My sketch is just analogWrite(9,255) which puts 5V out of pin 9.

Pin 9 runs through a circuit with a 2n2222 to increase the voltage up to Vin. (Imgur: The magic of the Internet is the circuit)

So, I have 11.7V coming into the breadboard I'm doing now. The point of my breadboard is to lower that 11.7V to 10V.

I send that 11.7 to the LM317, using this diagram; Imgur: The magic of the Internet

Should be Vout=1.25V(1+(R2/R1))

With R1=1K and R2=1K I would expect 1.25*(1+1)=2.5V but I actually get 2.84V. That could be my multimeter, something weird in the circuit, I dono, I don't think that's too bad.
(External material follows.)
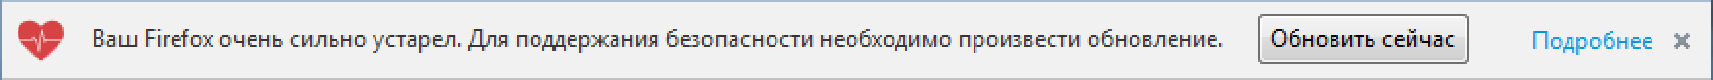 Ваш Firefox очень сильно устарел. Для поддержания безопасности необходимо произвести обновление.
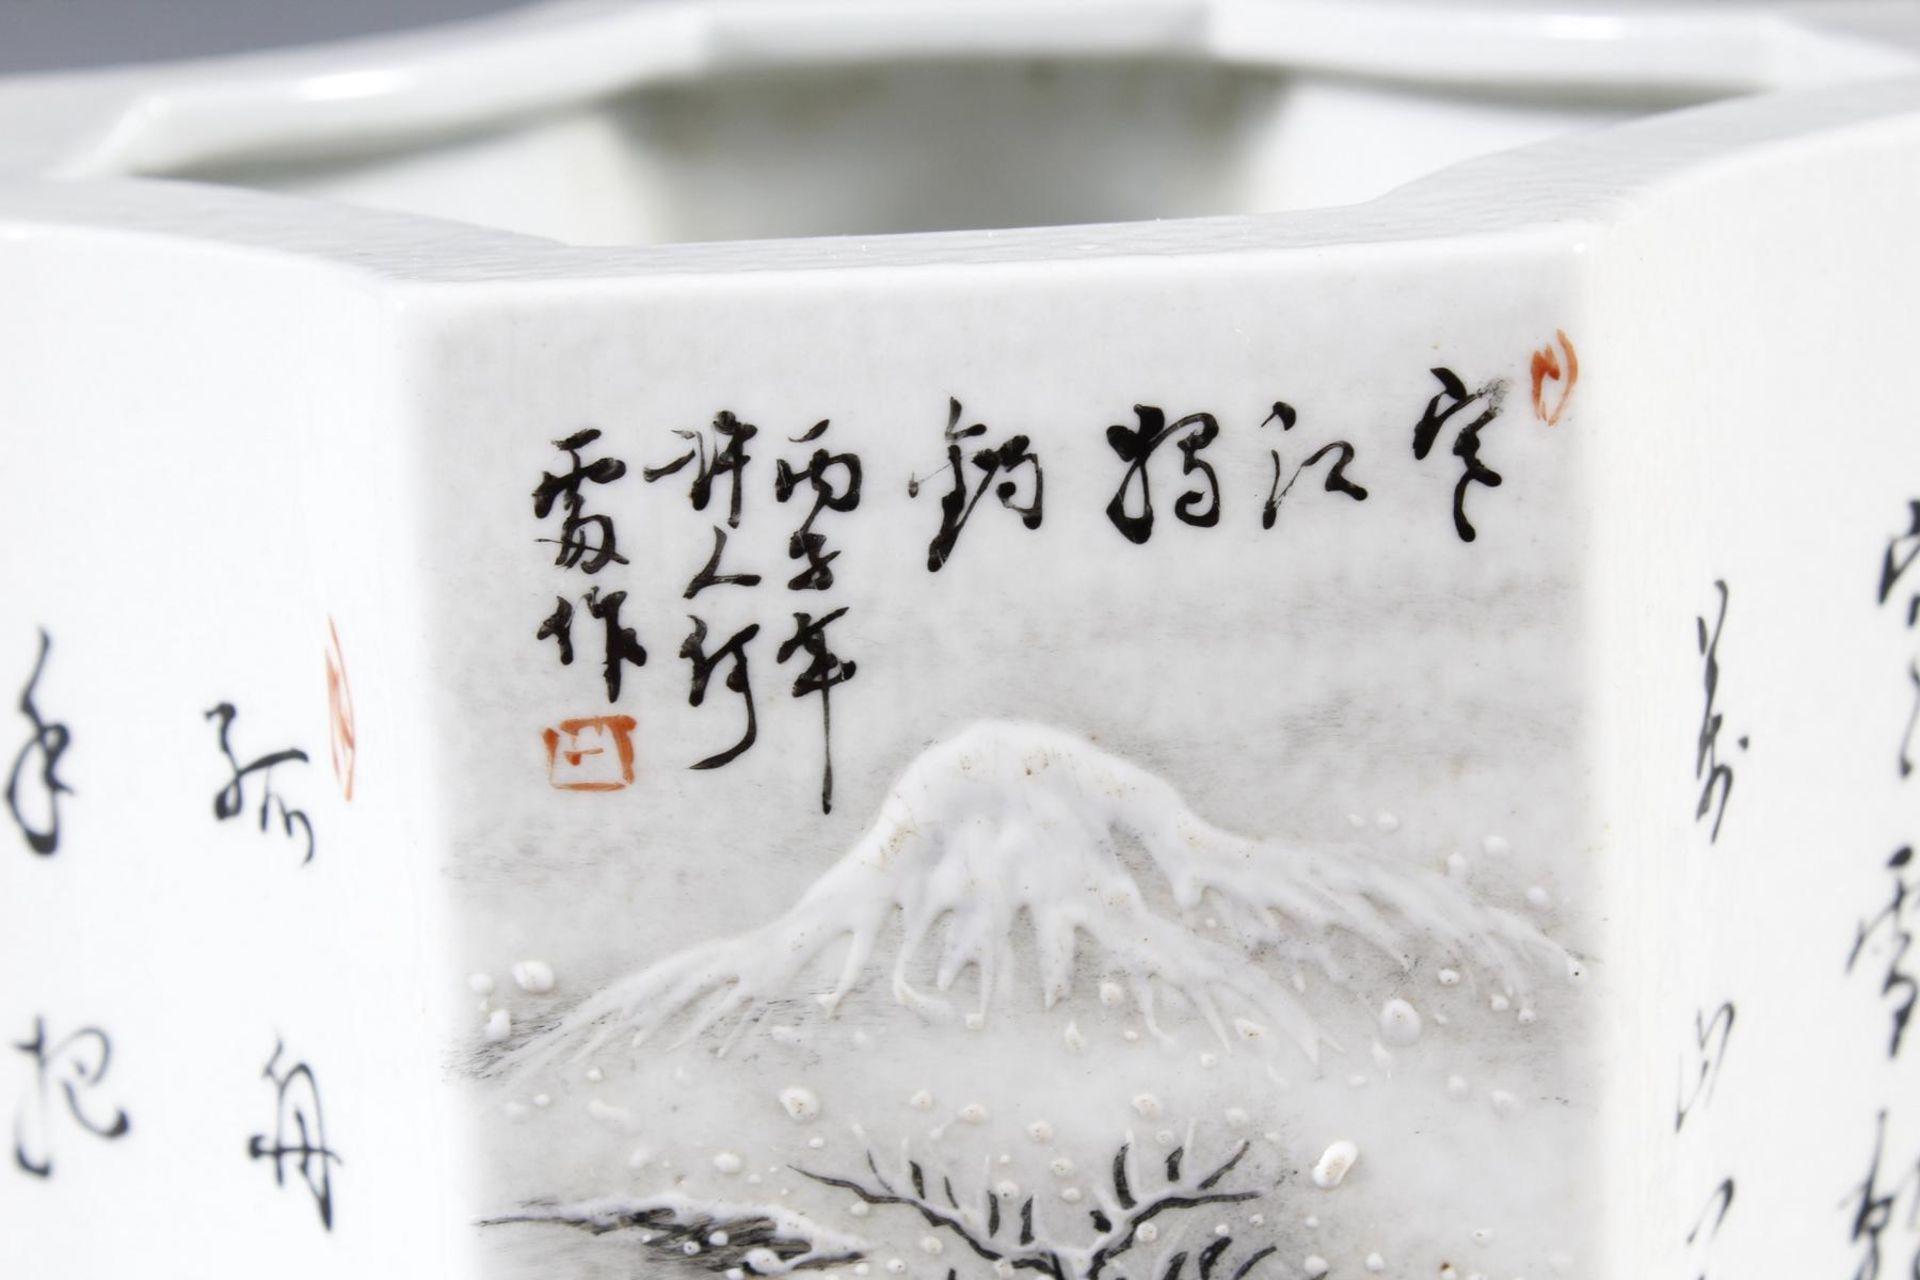 Porzellan-Pinselbehälter, China, Mitte 20. Jahrhundert - Bild 8 aus 15

Now, replacing R2 with a 6.8K resistor, I would expect 1.25*(1+6.8 )=9.75V. I actually get about 7V

Being the noob that I am, I just kept plugging bigger resistors in for R2 until I got to 100K. With a 100K for R2, I get Vout=9.5V

At that point I figured it was best to stop trying to blow things up, and just ask here.

Any advice?
Thanks for reading!

Some things:

  1. You need to measure your resistors, you can't just go by the nominal values and expect accurate results. You'll find that your resistors aren't exactly 1K.
  2. You need to load down the output by at least 5 - 10mA otherwise the returned quiescent current will cause the voltage to rise higher than you expect. Just put a 1K resistor on the output.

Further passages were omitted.